Keeping The Good Habits and Willing The Bad Ones Away

As I considered how new habits form, I realized that my most recent good habits were pretty challenging to form… took the whole 14 days, so to say, and I had to consciously consider my will power when going through the exercise of forming my new habit. When was the last time you did something hard and out-of-habit just for kicks? Not that fun, right?

I was catching up with my father last over a game of Bones last week and he mentioned that it was a real challenge no to smoke when you are immersed in places with public smoking being acceptable. He, like many Chinese men of his generation, learned to smoke s a right of passage and almost a requirement of the Chinese army. He quit when I was in the 6th grade and transferred to the “gum”. He then stopped the gum only 2.5 years ago. No nicotine in his body for the past 2.5 years, where there once was… for over 30 years. But there we were, playing dominoes on a cruise ship caisno at the game tabes, as he was being tempted with the constant whiff of cigarette smoke.
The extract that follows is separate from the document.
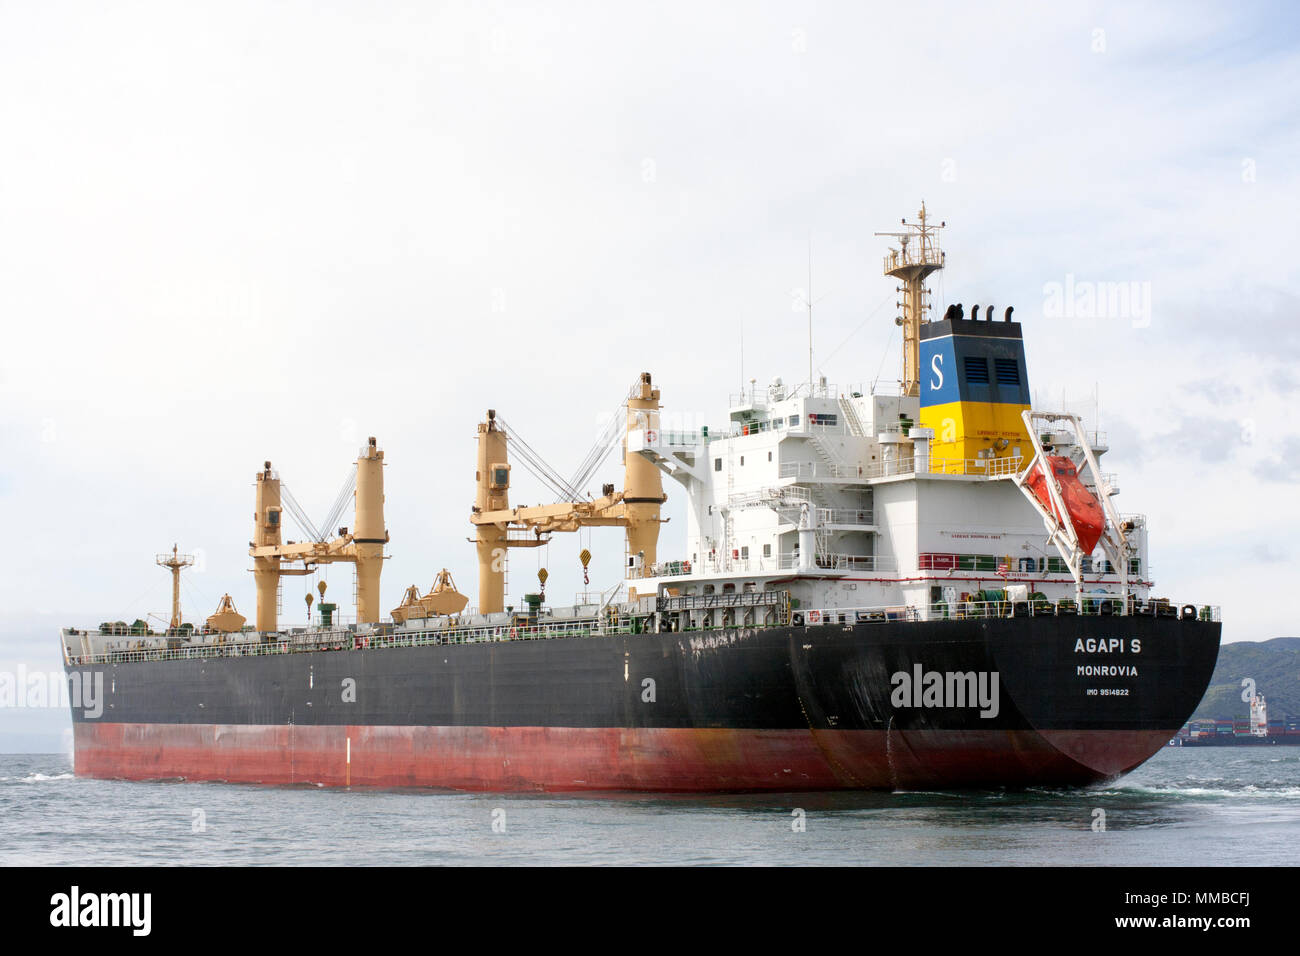 Agapi S Bulk Carrier Schiff Stockfoto
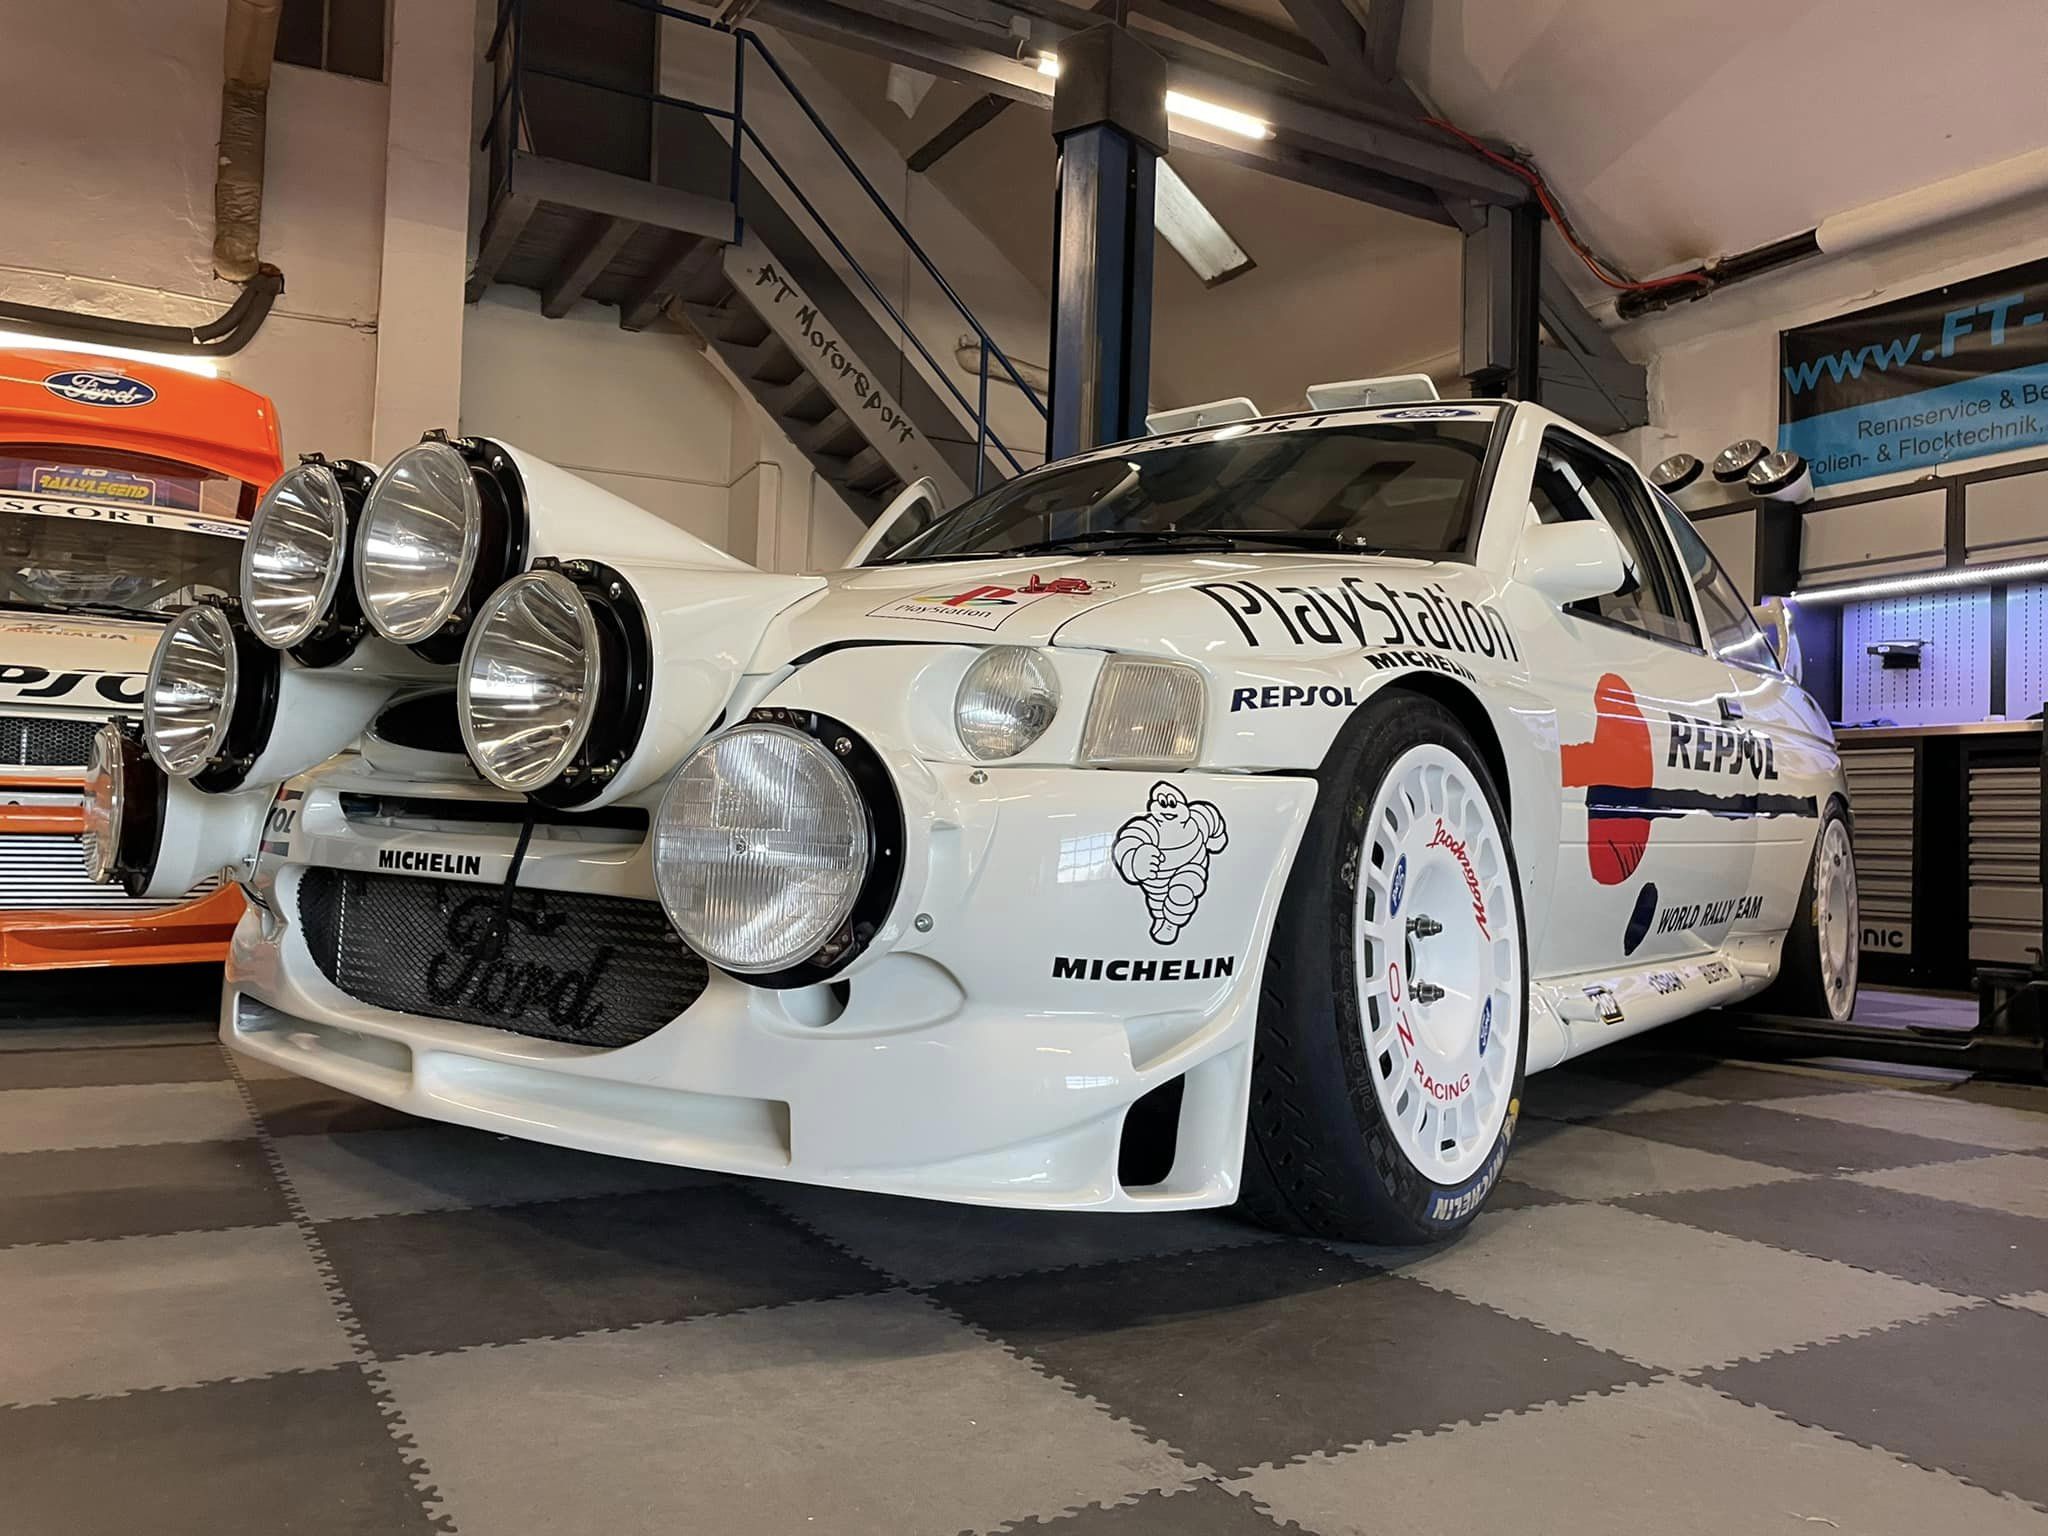 Ford Escort Cosworth WRC Repsol Test Car.

“Of course I want one”, my father said, “but if I have even one, then I lose all those years of building the good habit.”

Bad habits come back so quickly. Good habits, on the other hand, seem to be so difficult to form. With the hundreds of decisions you have to make on a daily basis, what do you think is your split of good to bad? Do you always have to say no every time in order to maintain that good habit (like my father decided to do), or do you think that having a little something once in a while is okay?

I’m sure a lot has to do with context (and the addictive nature of your habit), but even more has to do with will power.

Have you tested your will power recently? Do good habits always have to be difficult to maintain?